Task brief: The expected output is the full set of entries, retyped verbatim, pictures excluded.

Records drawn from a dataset

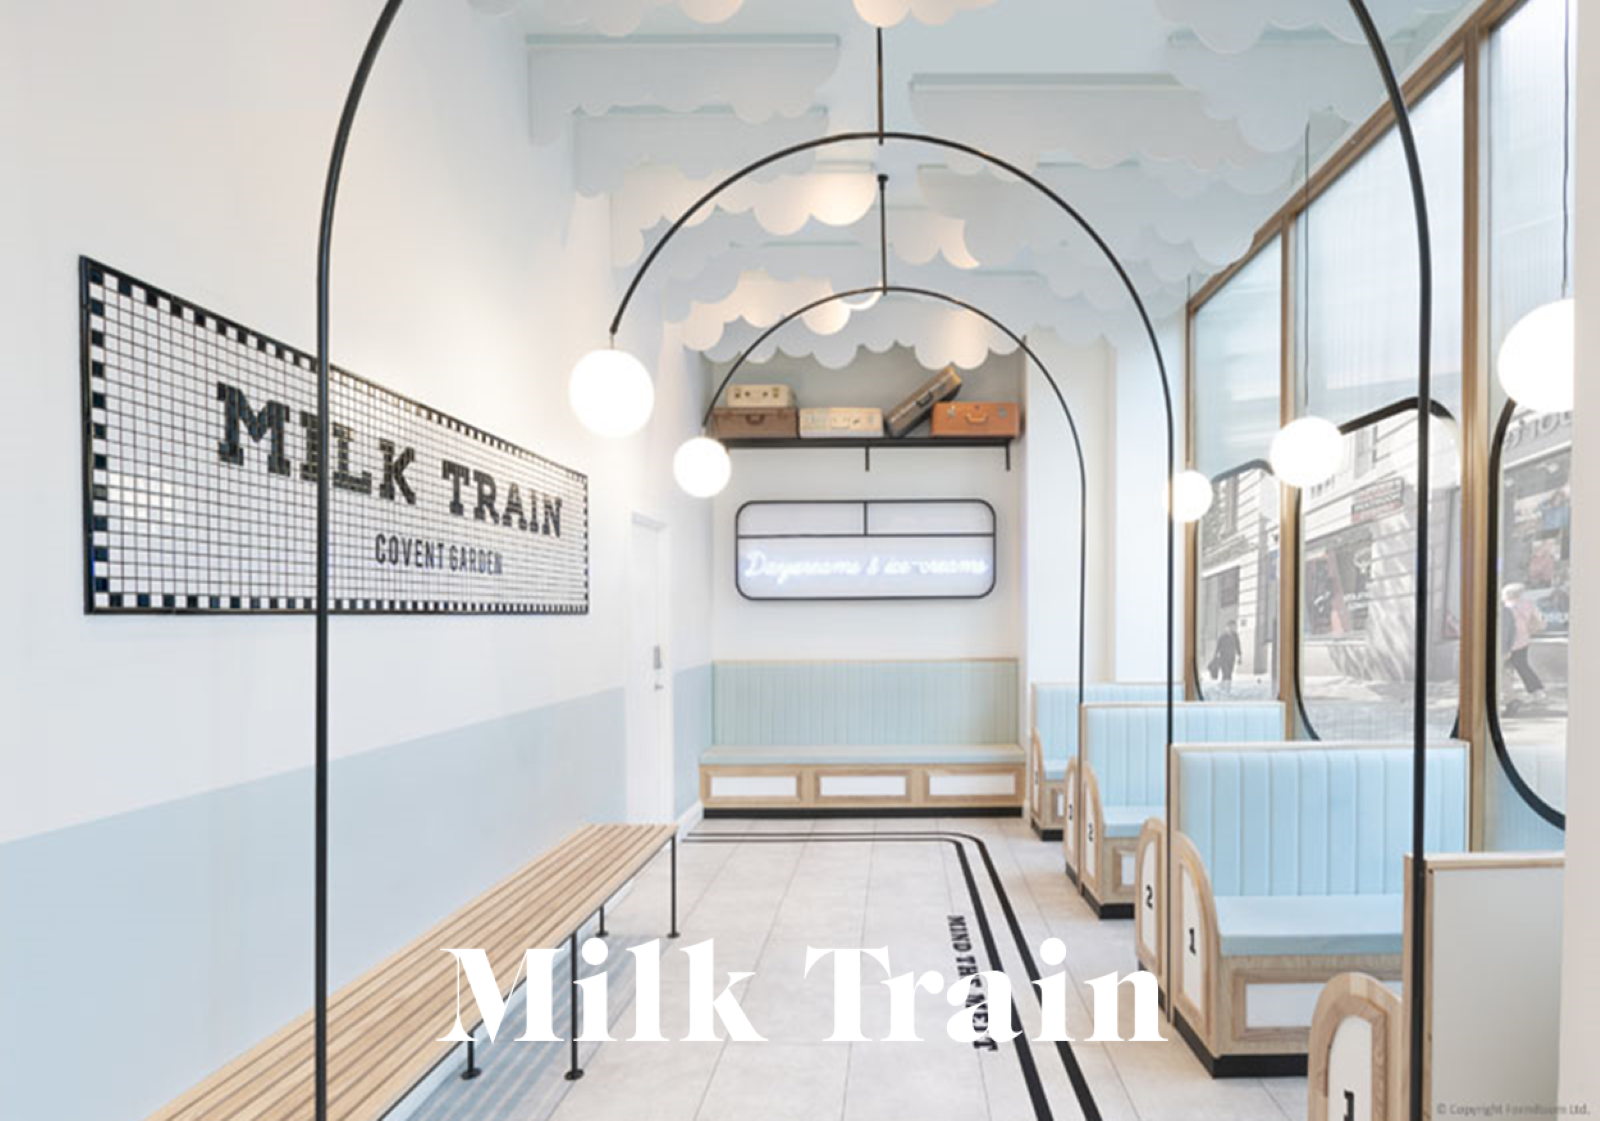 milk-train-londres-retail-design
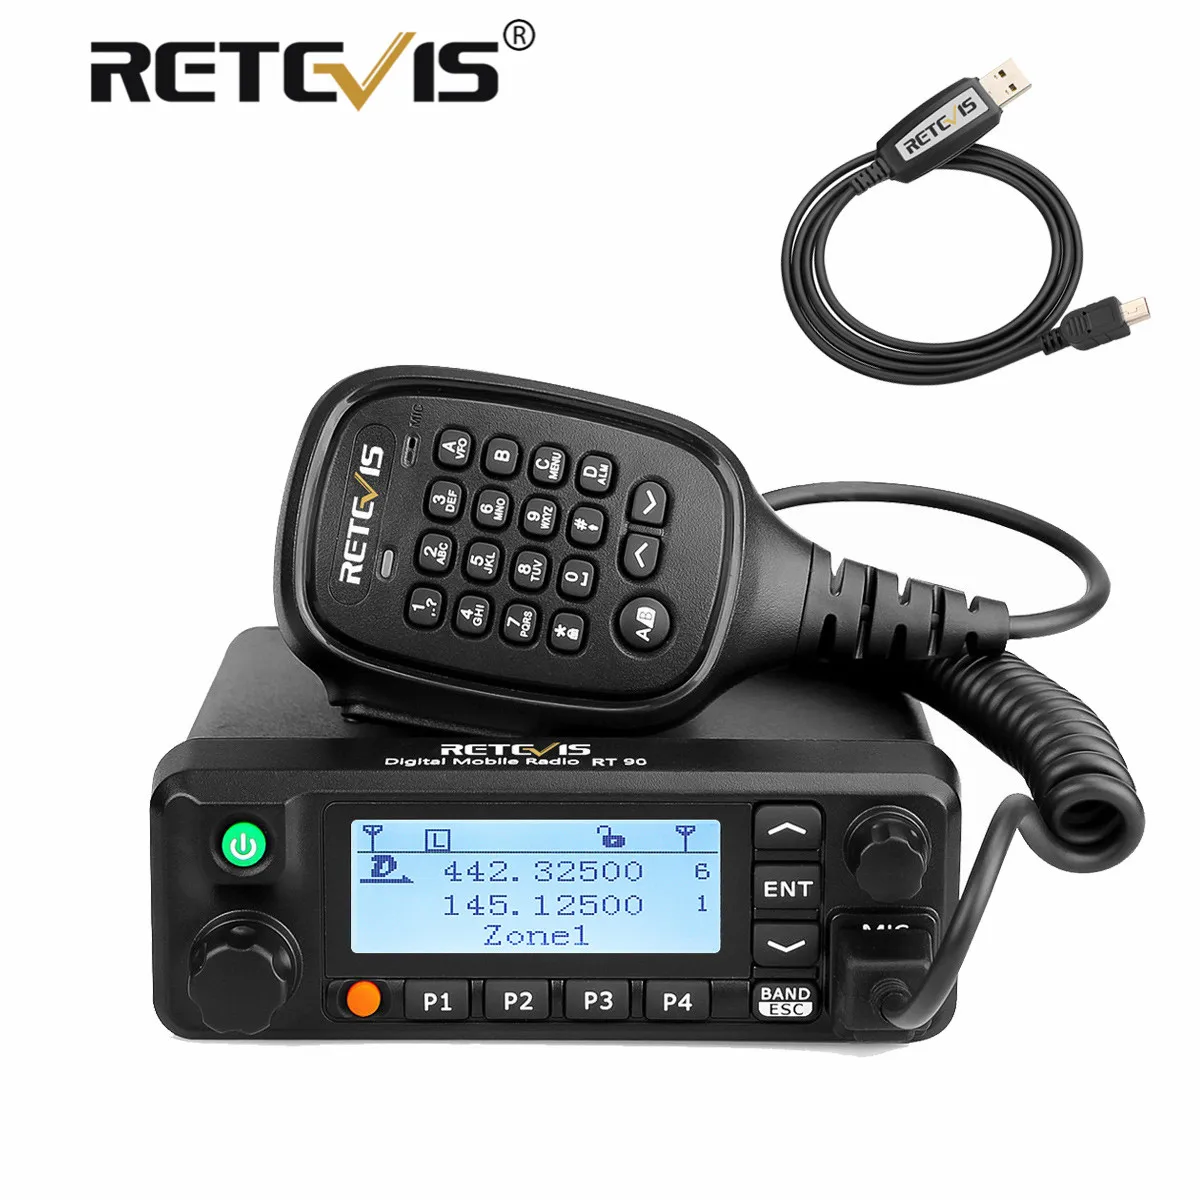 Цифровой радиоприемник Retevis RT90 DMR макс. диапазон 10 км - купить по выгодной цене |
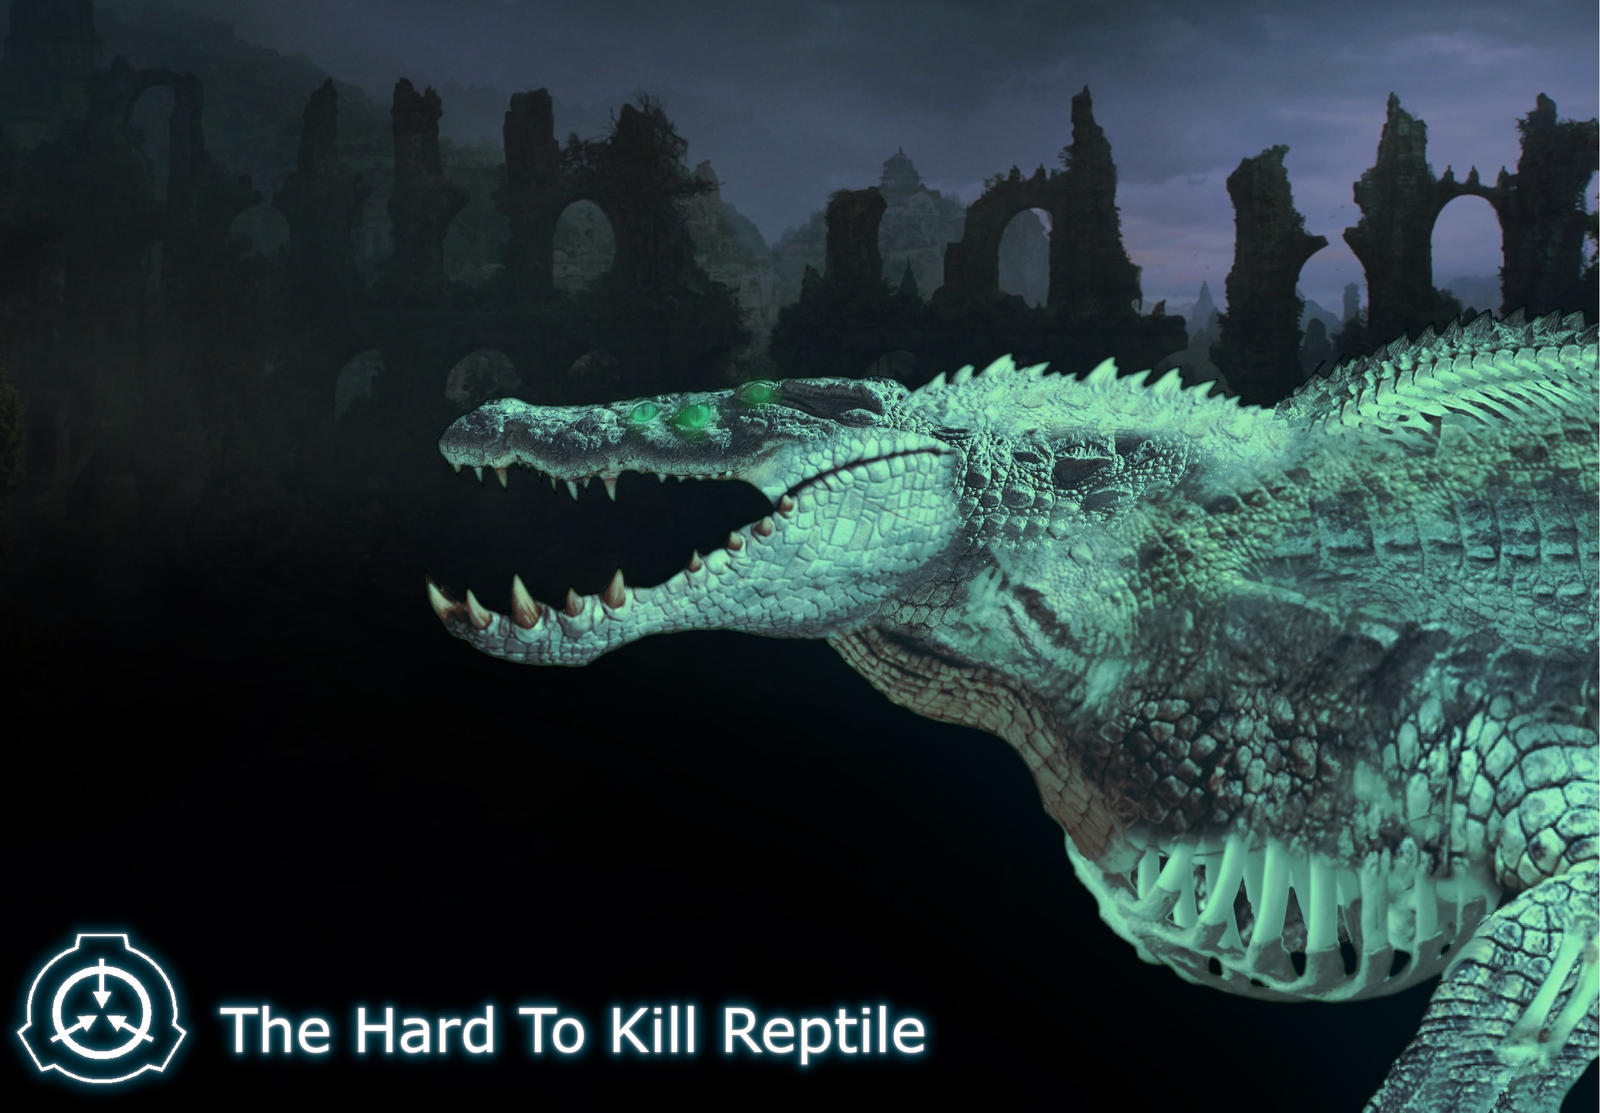 SCP-682,The Hard Kill Reptile
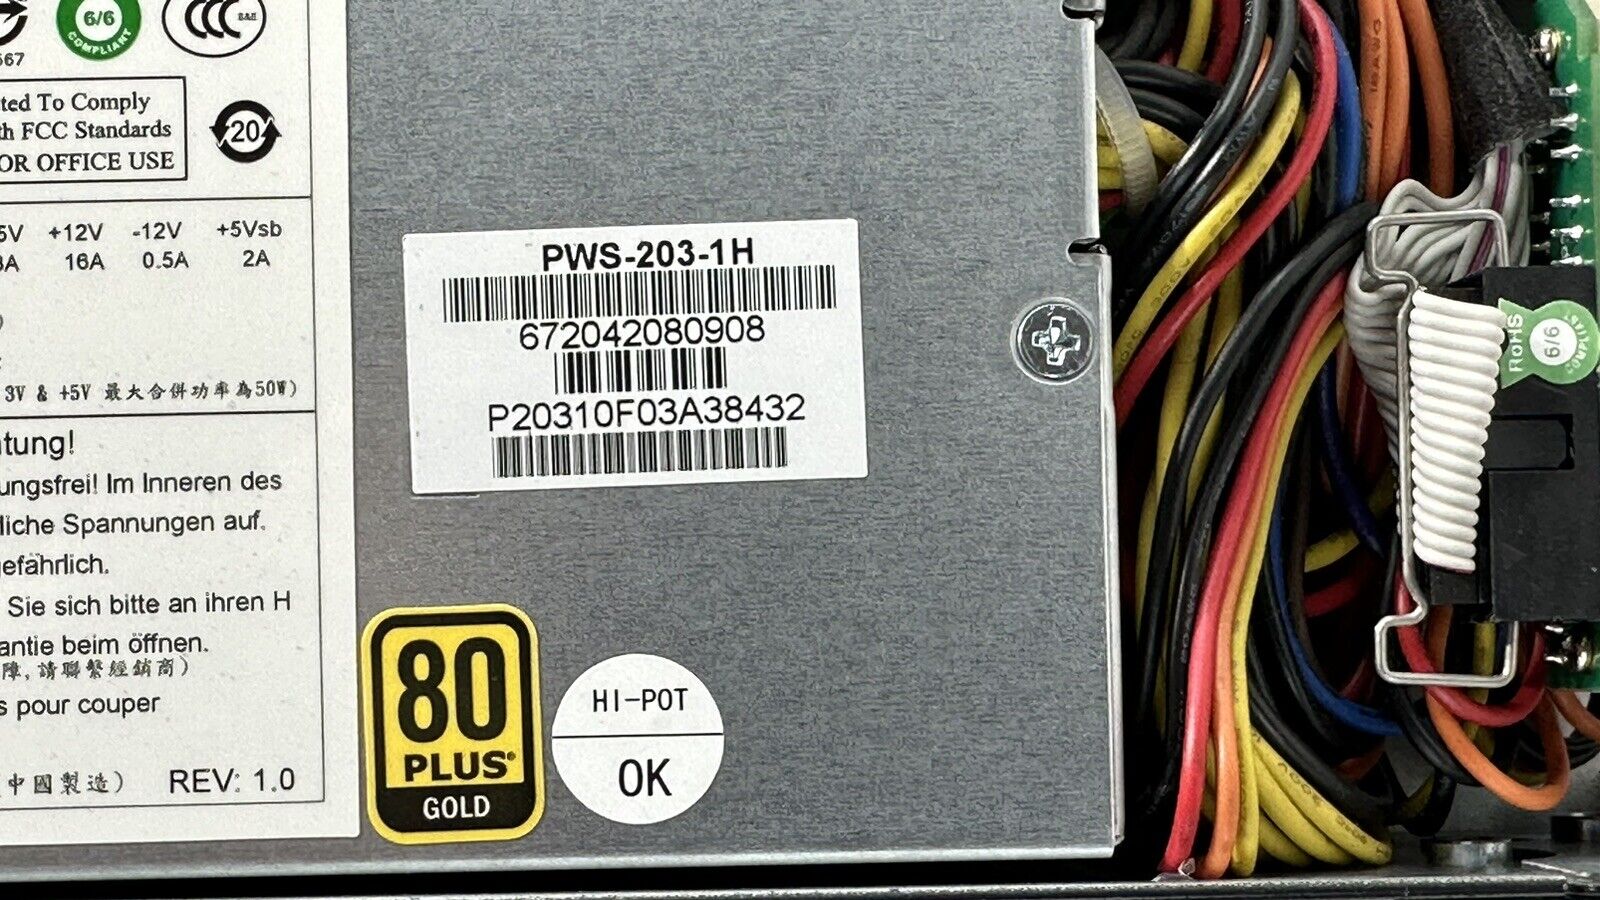 Supermicro 5018D-FN4T Xeon-D 1540 64GB DDR4 ECC RAM 4x 1TB SSD 1x 480GB M.2 SSD Server
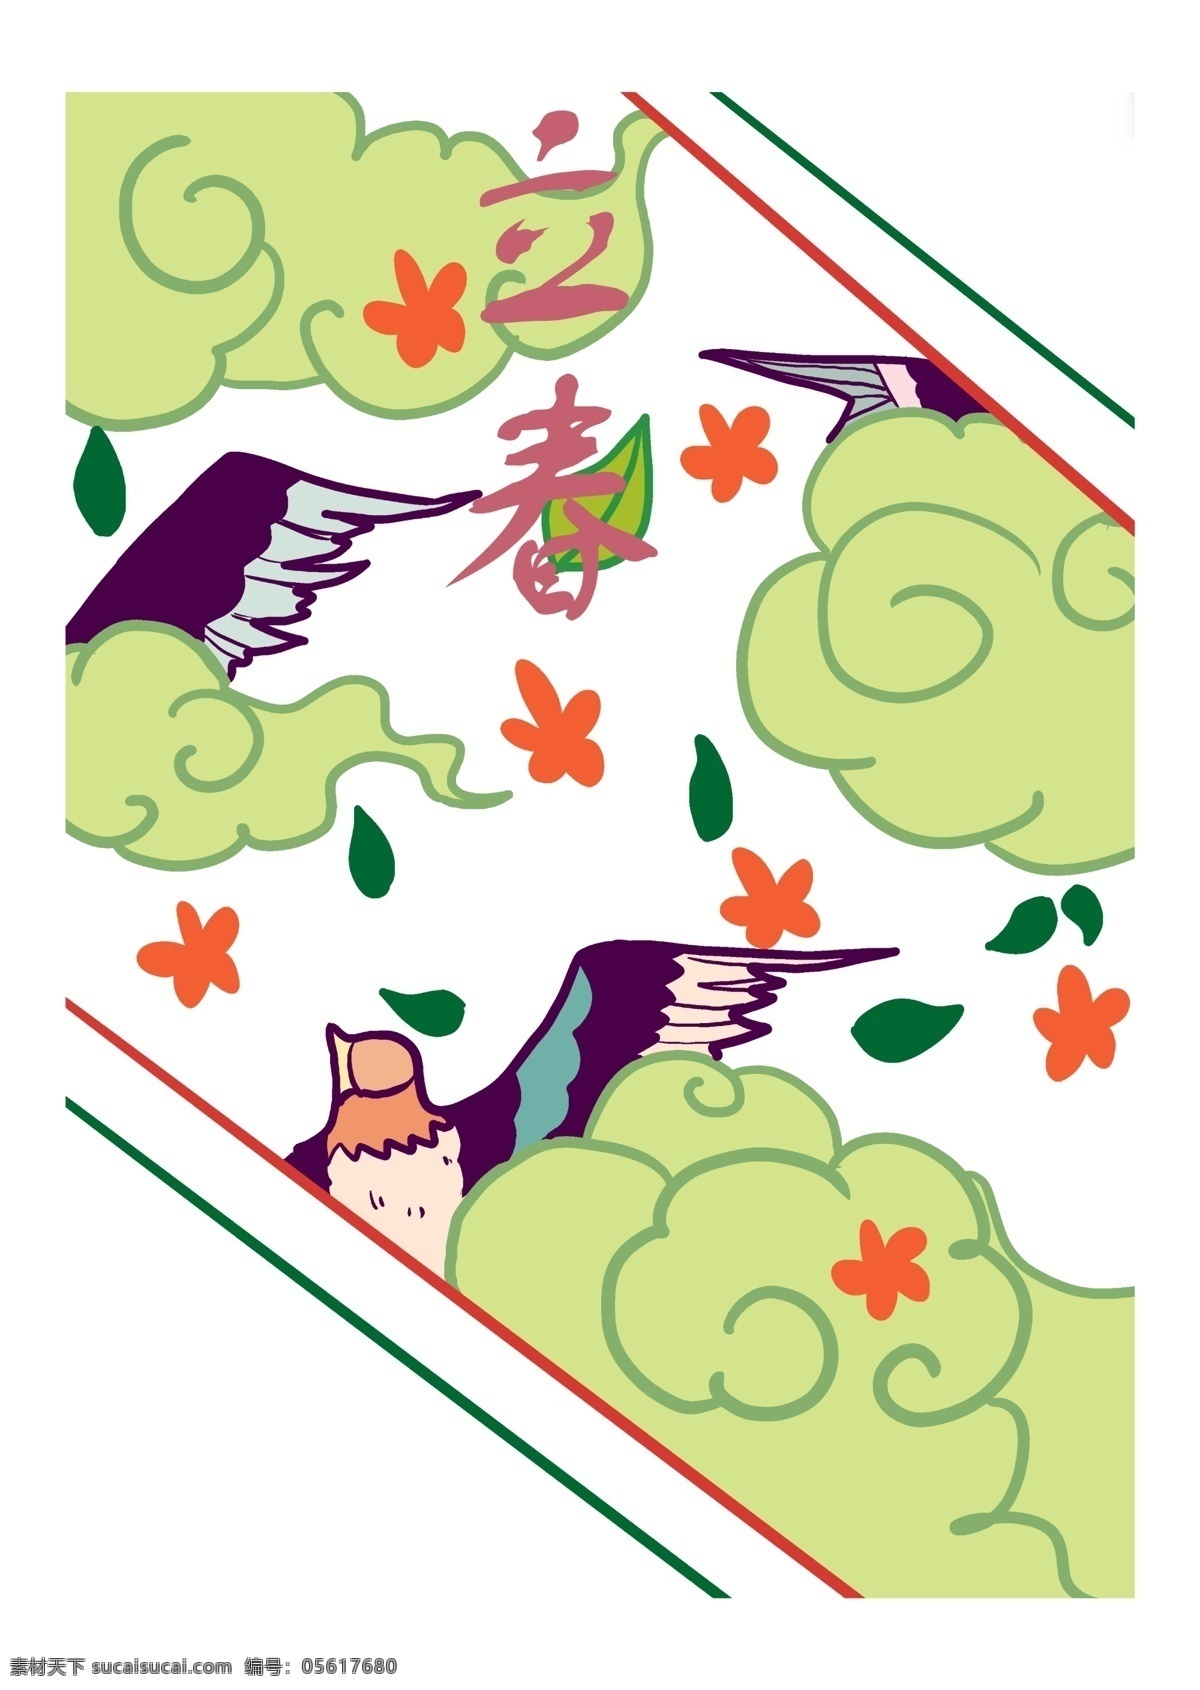 二十四节气 立春 燕子 归来 手绘 中国传统节日 万物复苏 原创手绘 生命力 卡通 春天 柳树 植物

Response:
 milk-train-londres-retail-design
 Цифровой радиоприемник Retevis RT90 DMR макс. диапазон 10 км - купить по выгодной цене |
 SCP-682,The Hard Kill Reptile
 Supermicro 5018D-FN4T Xeon-D 1540 64GB DDR4 ECC RAM 4x 1TB SSD 1x 480GB M.2 SSD Server
 二十四节气 立春 燕子 归来 手绘 中国传统节日 万物复苏 原创手绘 生命力 卡通 春天 柳树 植物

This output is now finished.